Meskipun ketentuan substantif tentang Anti Dumping, Anti Subsidi, maupun tindakan Pengamanan (Safeguards) sudah mengacu kepada ketentuan- ketentuan WTO, namun masih ada beberapa hal yang belum sepenuhnya konsisten misalnya defenisi-defenisi barang dumping; kerugian; dan industri dalam negeri. Inkonsistensi juga terjadi dalam implementasi misalnya dalam hal penetapan pengenaan BMAD selalu melewati batas waktu yang diterapkan secara internasional. Dalam bidang safeguards penyelidikan yang telah diselesaikan dan tinggal diputusakan pengenaan bea masuknya menjadi tertunda-tunda penetapannya.

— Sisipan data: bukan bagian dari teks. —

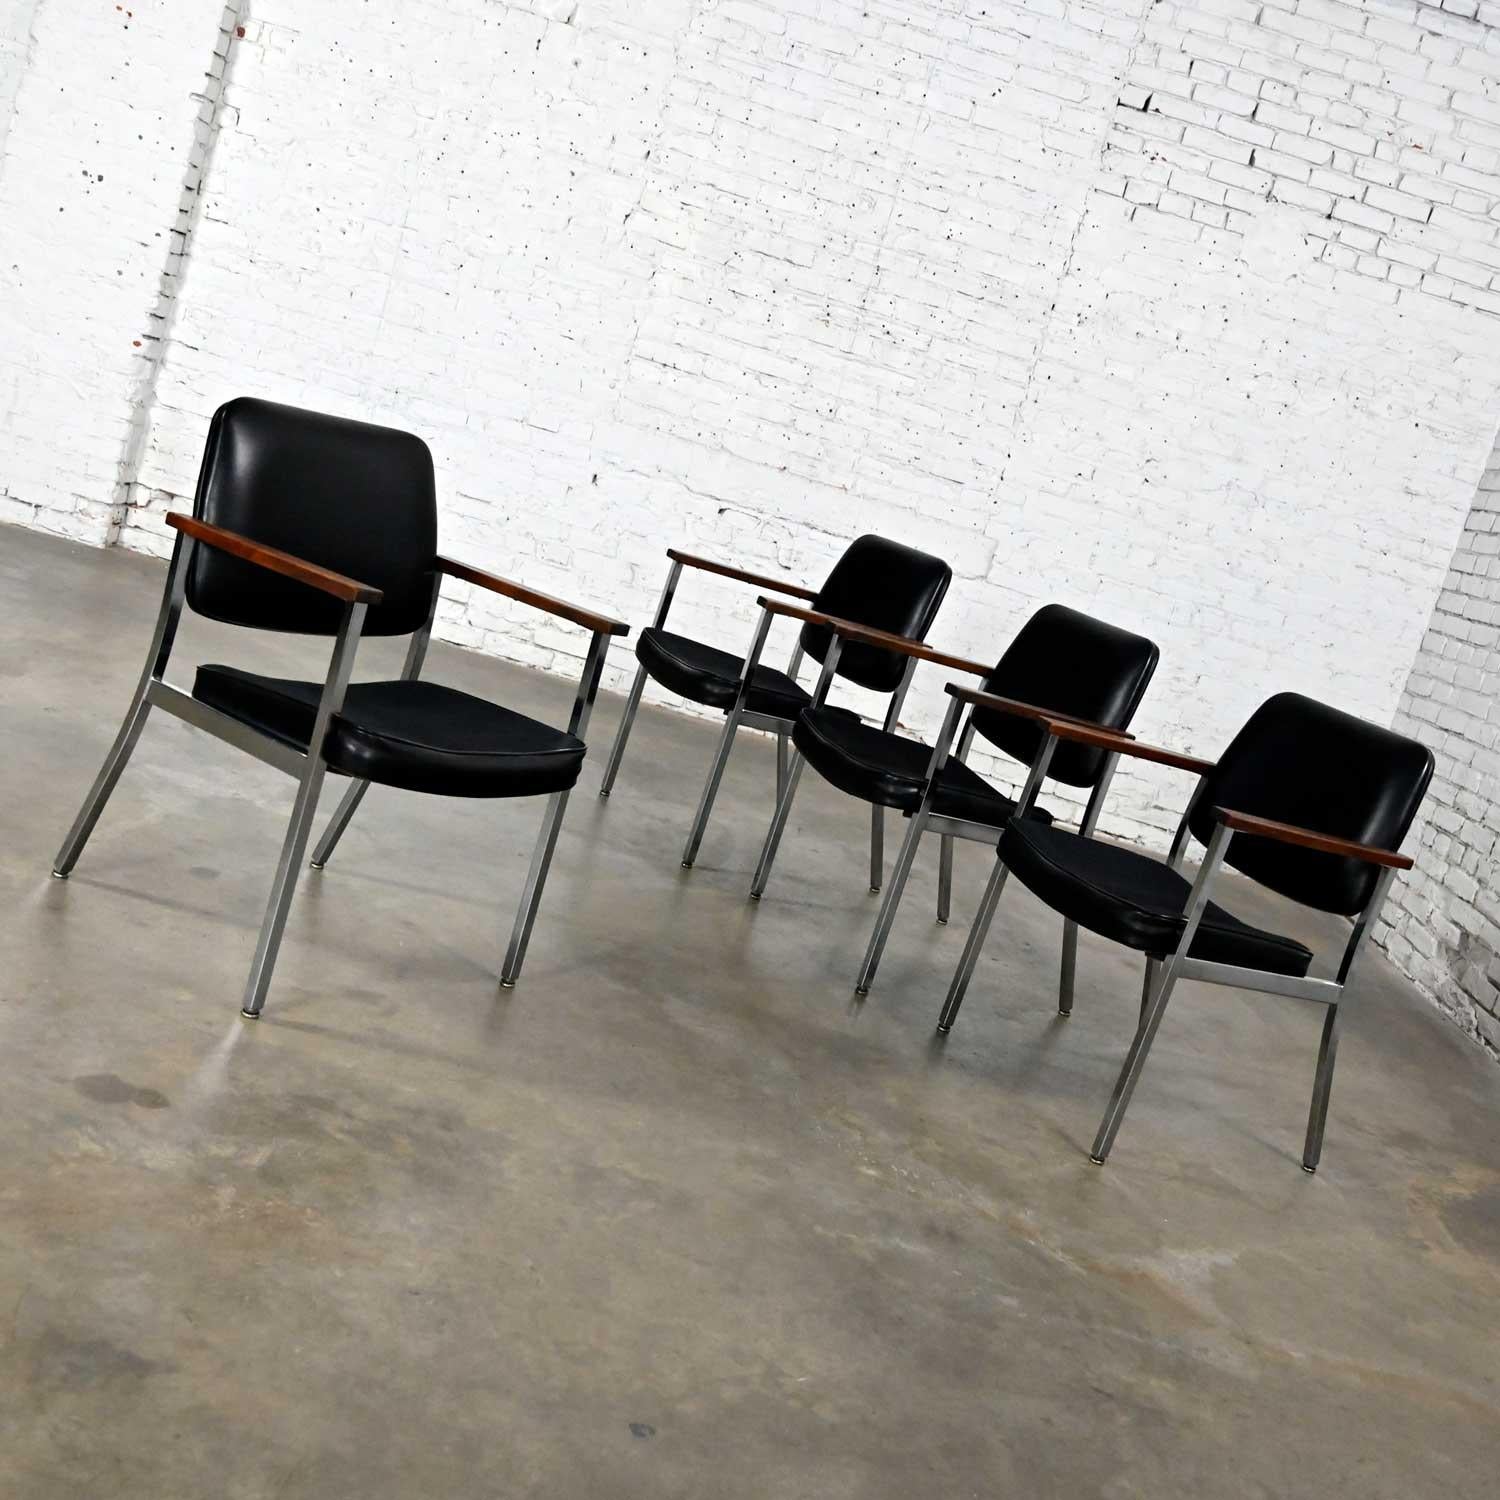 Wonderful mid-century Industrial set of 4 dining or office chairs comprised of chrome frames, black vinyl seats and backs, and wood arms by Superior Chaircraft. Beautiful condition, keeping in mind that these are vintage and not new so will have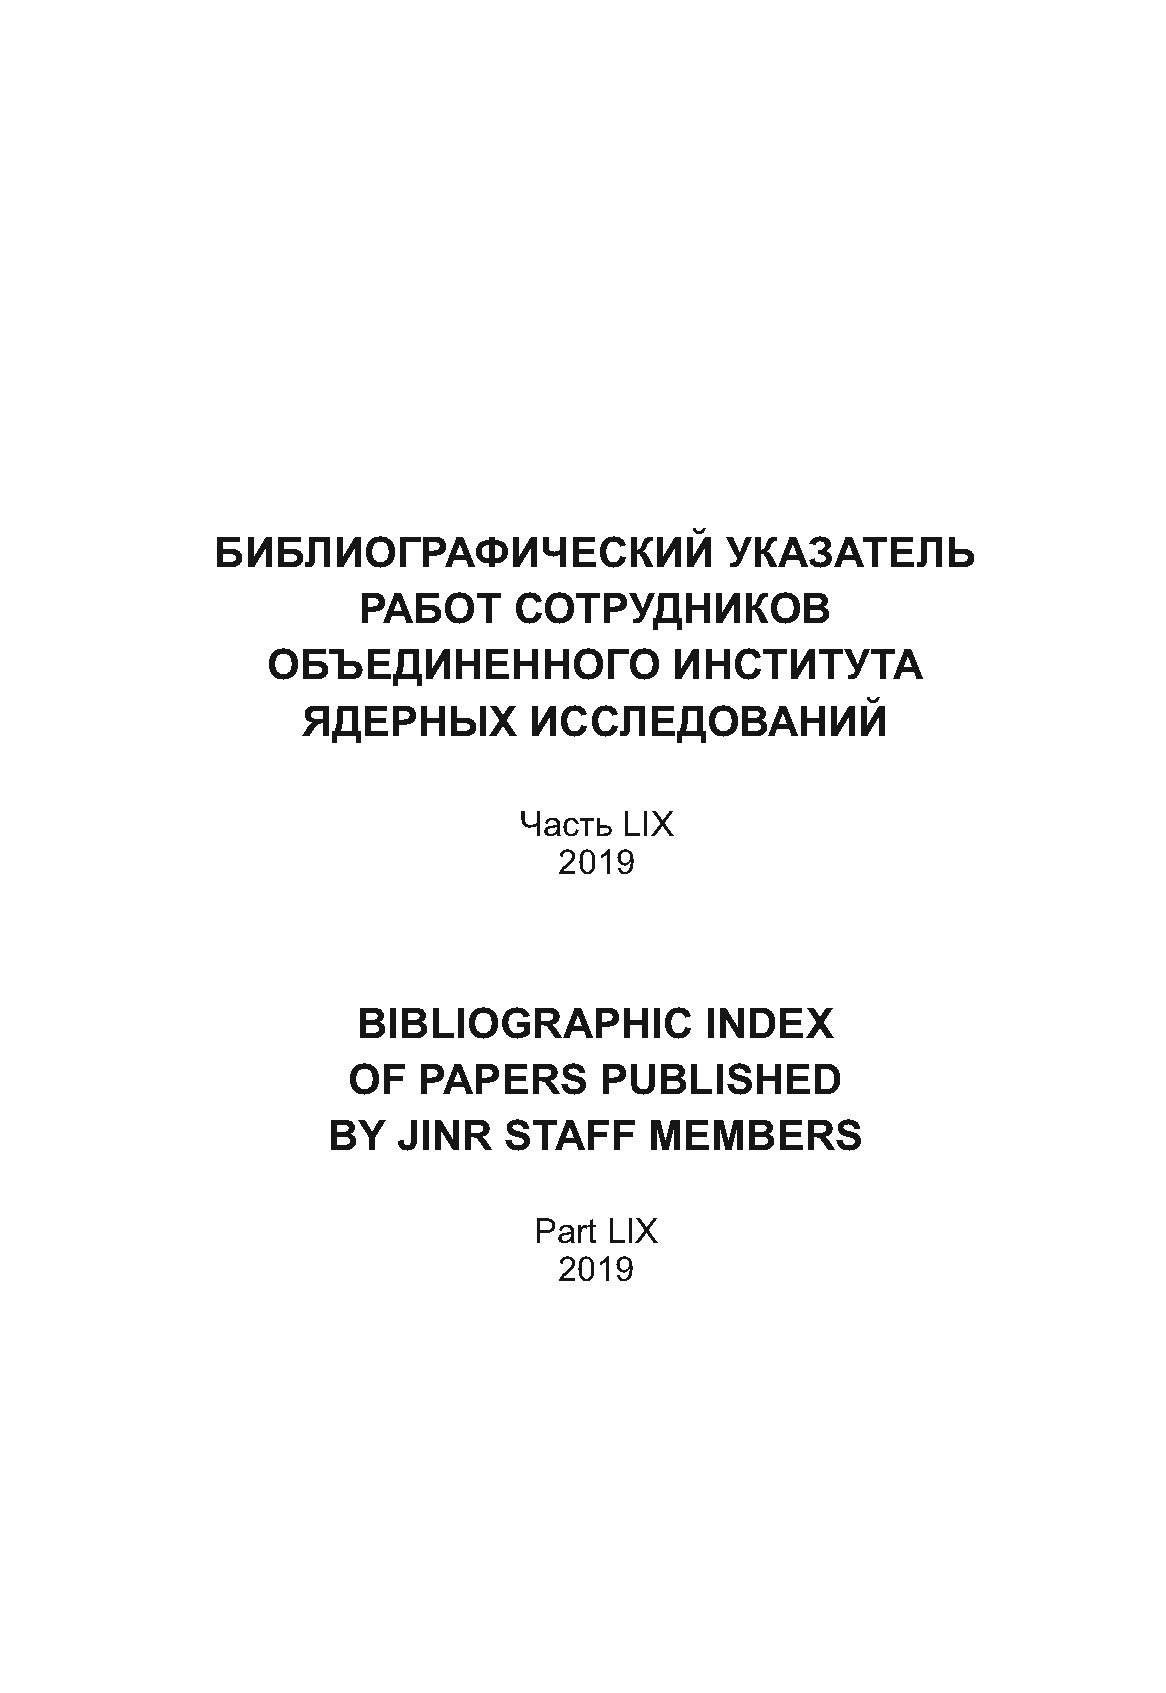 BIBLIOGRAPHIC INDEXOF PAPERS PUBLISHED BY JINR STAFF MEMBERS: Part LIX 2019

Dari segi budaya atau kultur hukumnya masih ada permasalahan yang cukup menentukan yaitu belum proaktifnya kalangan usahawan dalam mengantisipasi terjadinya penurunan kinerja akibat impor yang melonjak atau akibat dari produk dumping dan produk asing bersubsidi di Indonesia. demikian juga sikap proaktif belum begitu nampak dalam rangka mengantisipasi dan mencari solusi mana kala produk-produknya dituduh dumping atau bersubsidi di luar negeri atau manakala produknya dilakukan penyelidikan untuk dikenakan tindakan safeguards. Untuk itu perlu adanya penguatan budaya hukum dikalangan para pengusaha ini dengan cara sosialisasi agar mereka mengetahui dan menyadari serta menggunakan instrumen hukum remedi perdagangan ini untuk melindungi dirinya. Para pengusaha juga perlu diberikan bekal pengetahuan dan keterampilan dalam menggunakan instrumen hukum tersebut misalnya dengan melaksanakan kegiatan training yang dilakukan oleh badan terkain yakni Departemen Perindustrian dan Perdagangan dan Komite Anti Dumping Indonesia di beberapa daerah. Selain itu

pemberian pendampingan dan jika perlu advokasi yang memadai, khususnya untuk pengusaha kecil dan menengah yang bersangkutan dengan masalah remedi perdagangan, perlu juga ada semacam Trade Remedy Assistance Office yang menyediakan informasi hukum dan bantuan teknis. Bantuan teknis meliputi nasihat dan bantuan informal termauk dukungan hukum dalam menentukan langkah-langkah yang tepat untuk menggunakan remedi perdagangan dalam hukum antidumping ini, menyiapkan petisi dan keluhan dan memperoleh remedi. Sangat penting pula bagi pemerintah untuk menganggarkan dalam pos APBN untuk pembentukan dana berjaga-jaga, untuk membantu pengusaha yang terkena tuduhan dumping, subsidi dan tindakan safeguards. Hal ini diperlukan mengingat banyaknya jumlah tuduhan yang dialamatkan ke Indonesia sementara kemampuan dalam negeri untuk melawan masih rendah antara lain masalah dana yang masih minim dan sumber daya manusia yang memahami dan mengusai hukum antidumping ini masih dalam kondisi minim.